Warum tut sich die Fachwelt so schwer damit, die Fragen nach der Bautechnik der alten Pyramiden zu klären?
Es gibt zwei Gruppen von Wissenschaftlern, die sich mit der Pyramidenbauweise beschäftigen. Da sind zum einen die klassischen Archäologen und Ägyptologen. Die haben kaum ein technisches Gespür für die Machbarkeit von Bauvorhaben und sind es auch nicht gewohnt, technische Probleme systematisch anzugehen. Sie haben tolle Ideen und machen schöne Zeichnungen, aber präsentieren keine praktischen Vorschläge und Berechnungen, wie ein Bauwerk errichtet und fertig gestellt werden kann. Trotzdem werden diese Ideen aufgrund der renommierten Namen der Verfasser immer wieder zitiert.
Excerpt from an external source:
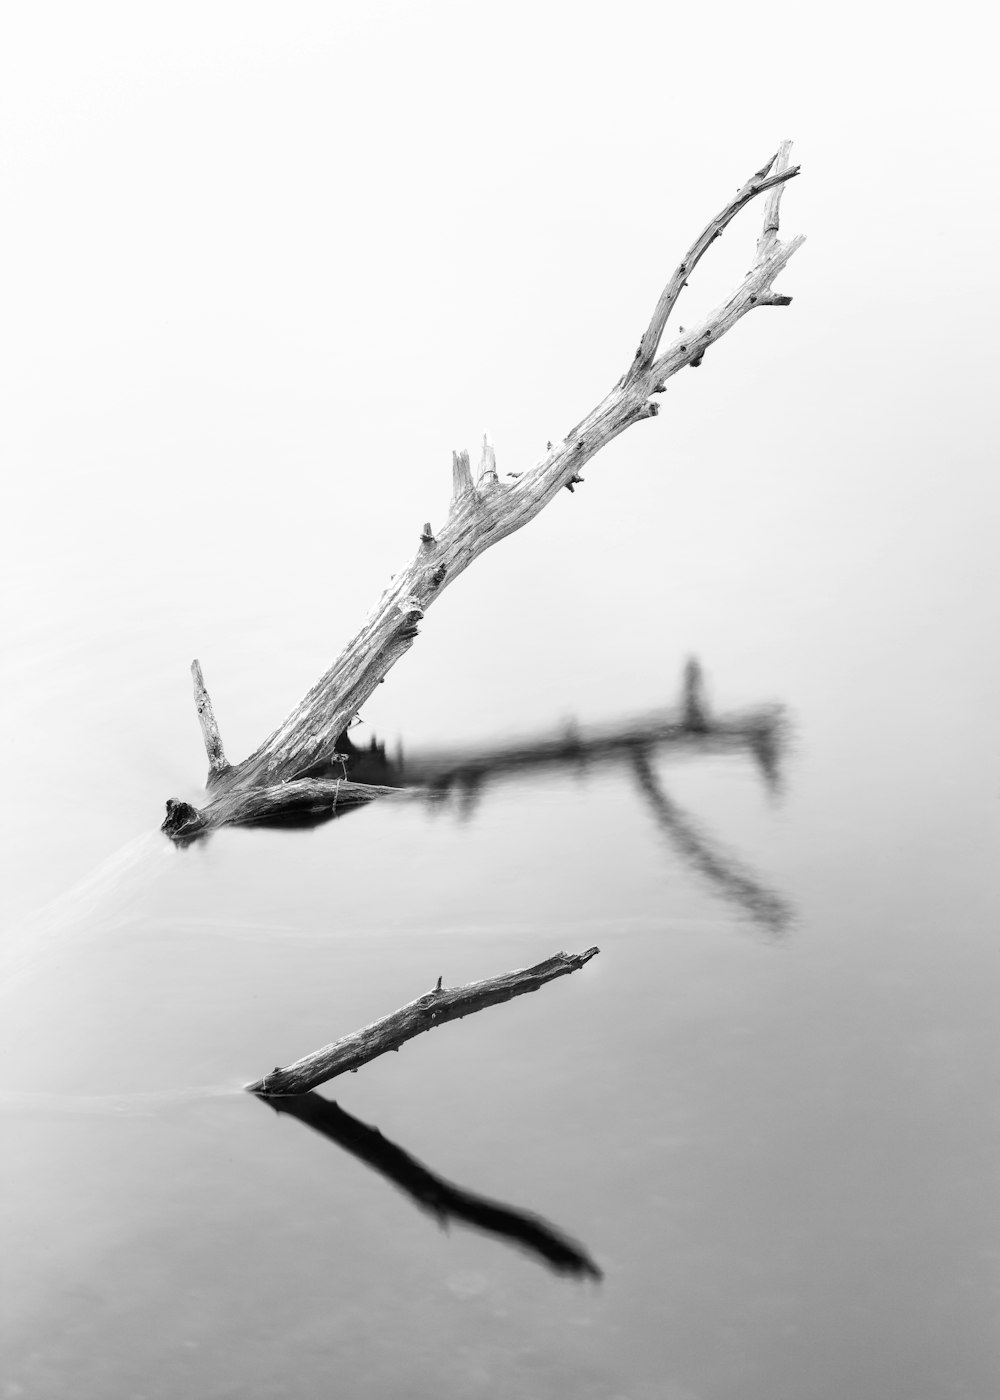 a tree branch floating in a body of water

Die andere Gruppe würde ich als Hobby-Ägyptologen bezeichnen. Unter ihnen finden sich viele Ingenieure, Techniker und interessierte Laien. Sie legen raffinierte Erklärungen zu bautechnischen Fragen vor und stellen auch konkrete Berechnungen an. Häufig lassen sie dabei jedoch die archäologischen Befunde und Zusammenhänge außer Betracht. Hebewerkzeuge wie der Flaschenzug oder der Schaduf (Hebelkonstruktion, d. Red.) zum Beispiel waren im Alten Reich einfach nicht bekannt und sind daher als Basis für Bauvorschläge unzulässig.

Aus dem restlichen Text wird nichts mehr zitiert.